В общем, Антонина Ивановна не мечтала о сказочном рыцаре на белом скакуне, ее вполне устраивал папенькин приказчик Платон Сенцов. В восемнадцать лет будущее казалось беспечно-розовым, а обязательные трудности – нестрашными и преодолимыми в полпрыжка. Главное, чтобы неподалеку от батюшки с его мудрыми советами и матушки с ее пирогами. Платоша с его робостью за вечерними чаепитиями как нельзя лучше подходил на роль заботливого мужа и отца, а от его нечаянного касания по спине бежали мурашки и некстати краснели щеки. Иван Никитич одобрительно кивал, когда жена заводила за семейным столом разговор про достоинства приказчика, и тут Тоня примерно опускала сонные глаза. Екатерине Васильевне нравились уважительность к старшим, некрикливая верность купеческому уставу, Пискунов называл его ловким на язык и сметливым, а главное – преуспевающим в коммерции. Самой же купеческой дочке Сенцов казался симпатичным, особенно серые в крапинку глаза. Нос, конечно, длинноват, зато зубы ровненькие, не хищные, хоть и желтоватые. Она представляла себя рядом с рослым Платоном и приосанивалась, расправляла плечи. Батюшкина коммерция далеко пойдет на поводу у ее расторопного и рачительного избранника, лишь бы поскорее посватался. В том, что и он души в ней не чаял, Тонечка не сомневалась.

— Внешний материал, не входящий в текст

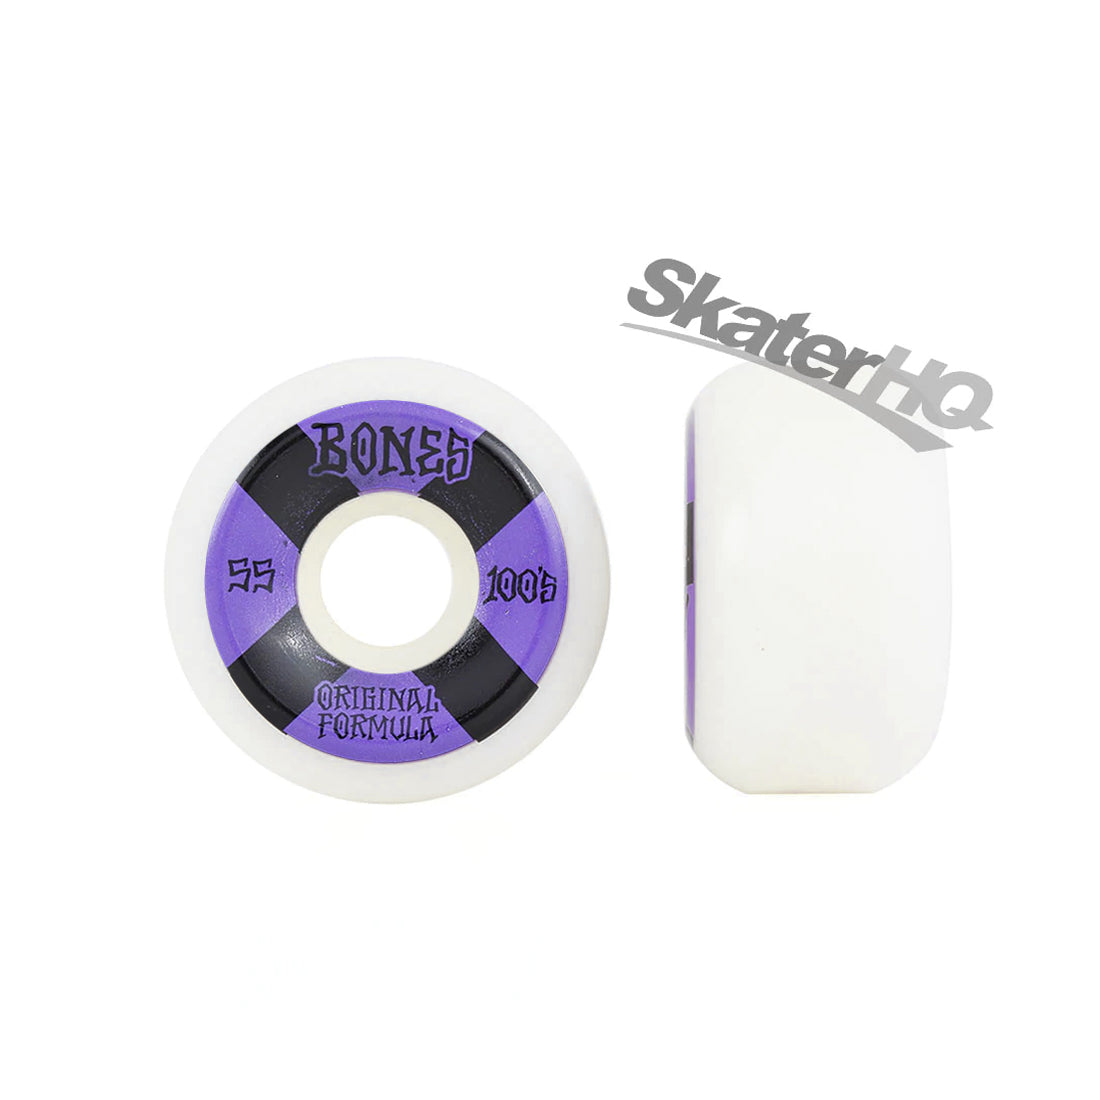 Bones OG 100s V5 Sidecut 55mm - White/Purple Skateboard Wheels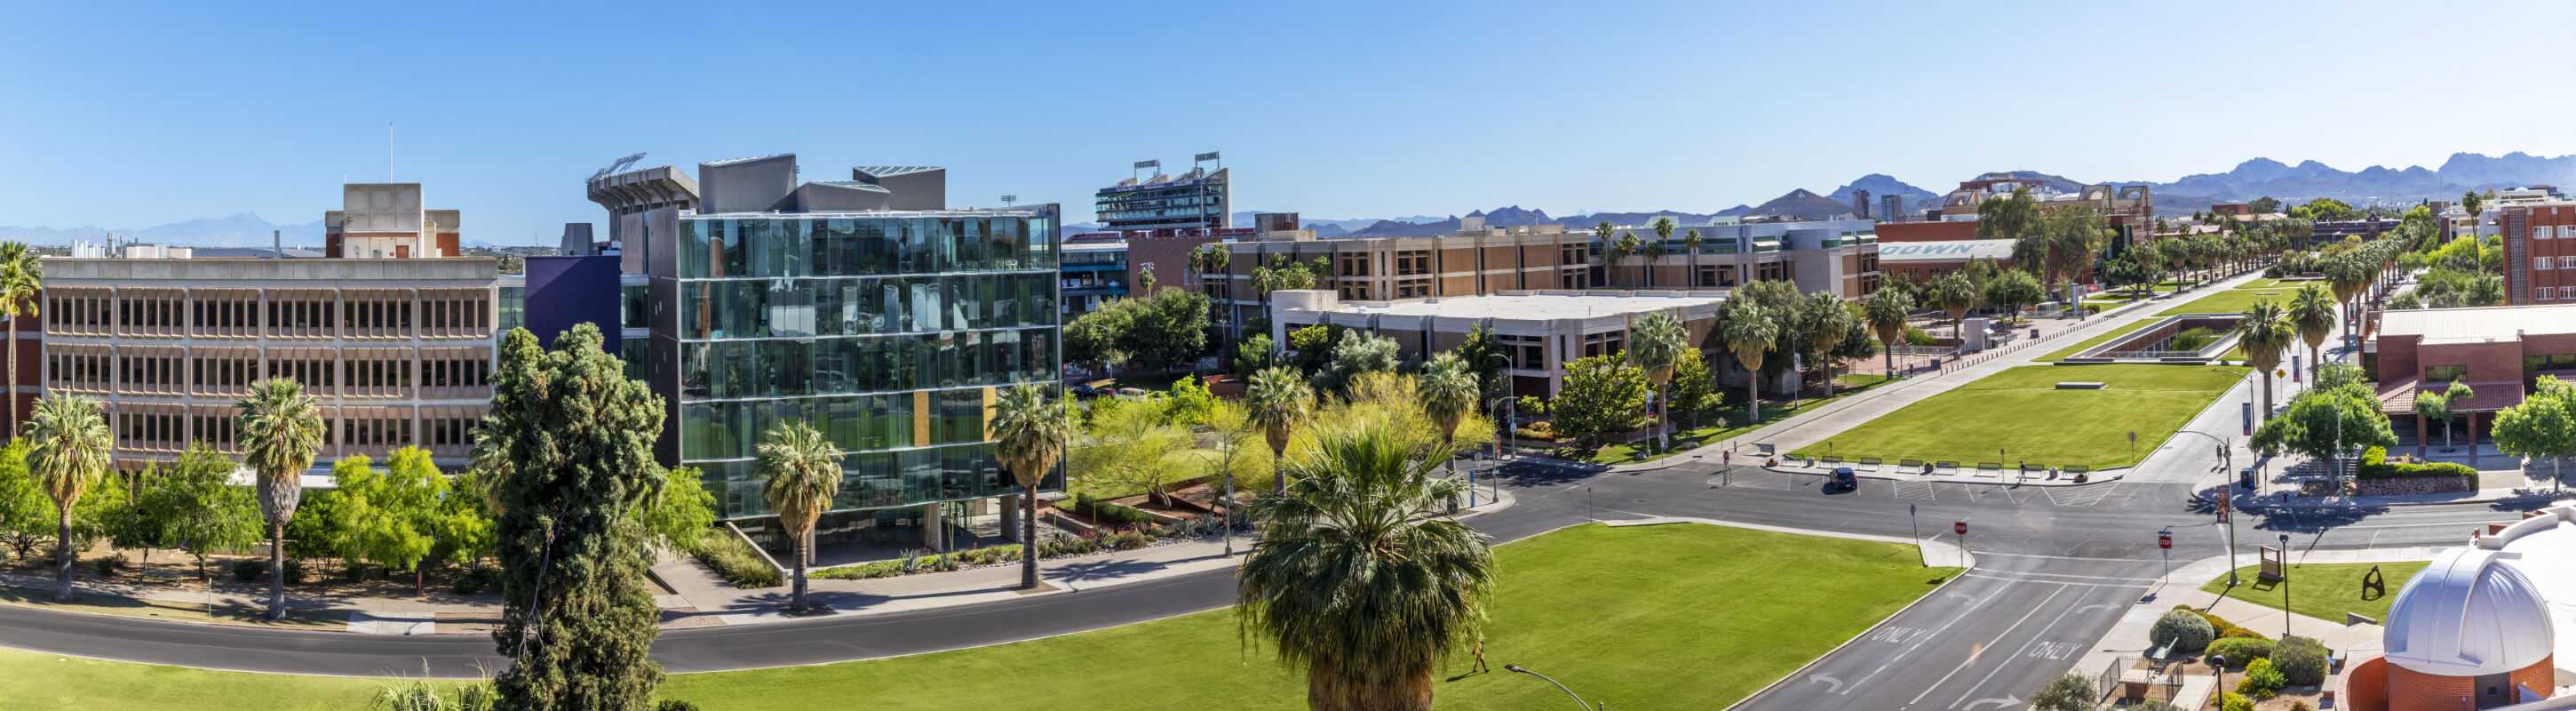 Panoramic view of the University of Arizona Mall

Известие о смертоубийстве в лабазе разбудило семейство Пискуновых среди ночи. За окном пуржило, желтый блин фонаря истлевал, не успевая упасть на землю. Тоня не сразу поняла, что страшная история – это всерьез. Ей поначалу казалось, что можно обойтись деньгами. Ну что могли украсть? Пустяки! Вот если бы пожар или порча – тогда да, тогда серьезный убыток или даже банкротство, а кража – фи, чепуха. Папенька с приказчиками живо разберутся, тем более там умница Платон.

Городовой забрал с собой Ивана Никитича, оставив в прихожей только морозный запах. Екатерина Васильевна сделала плаксивое несчастное лицо и сразу постарела, обабилась. Она молча поцеловала дочь и ушла к себе, упала на колени перед иконами, зачастила молитвой. Старая служанка, разбуженная неурочной возней в хозяйских покоях, зевая выслушала сбивчивый рассказ и посмурнела:

– Что ж, барышня, выходит, ухажера нашего в острог упекут? Надобно нового искать.

Тоня вспыхнула и разозлилась, но сермяжная правда старой карги больно аукнулась под ребрами.

Весь следующий день Иван Никитич пробегал как мальчишка, уговаривая полицейских чинов, но вышло, что попусту толок воду в ступе. Как можно выпустить на поруки душегубца, кто зарубил человека самым настоящим топором, как тать какой-то? И кого пришиб? Мелкого воришку с безобидным перочинным ножичком, каким только чинить карандашики или вырезать вензель возлюбленной на уличной скамейке.

– Вот ведь Платоша учудил. Такой матерый анахронизм… в наше просвещенное время… в этом приличном просвещенном обществе, – жаловался Пискунов домашним, присаживаясь в столовой за круглый стол перед огромной чашкой в голубенький цветочек, откуда ароматно пахло свежезаваренной мятой.

– Скоро кушать будем, не напивайся пустого чаю, – предупредила Екатерина Васильевна, нервно поглаживая мужа по суконному плечу. Проведет по рукаву и задержится, потреплет ободряюще, мол, не бери близко к сердцу, всякое случается.

– Папенька, это правда? Что Платона Николаича арестовали? – В столовую тихо просочилась заплаканная Тоня.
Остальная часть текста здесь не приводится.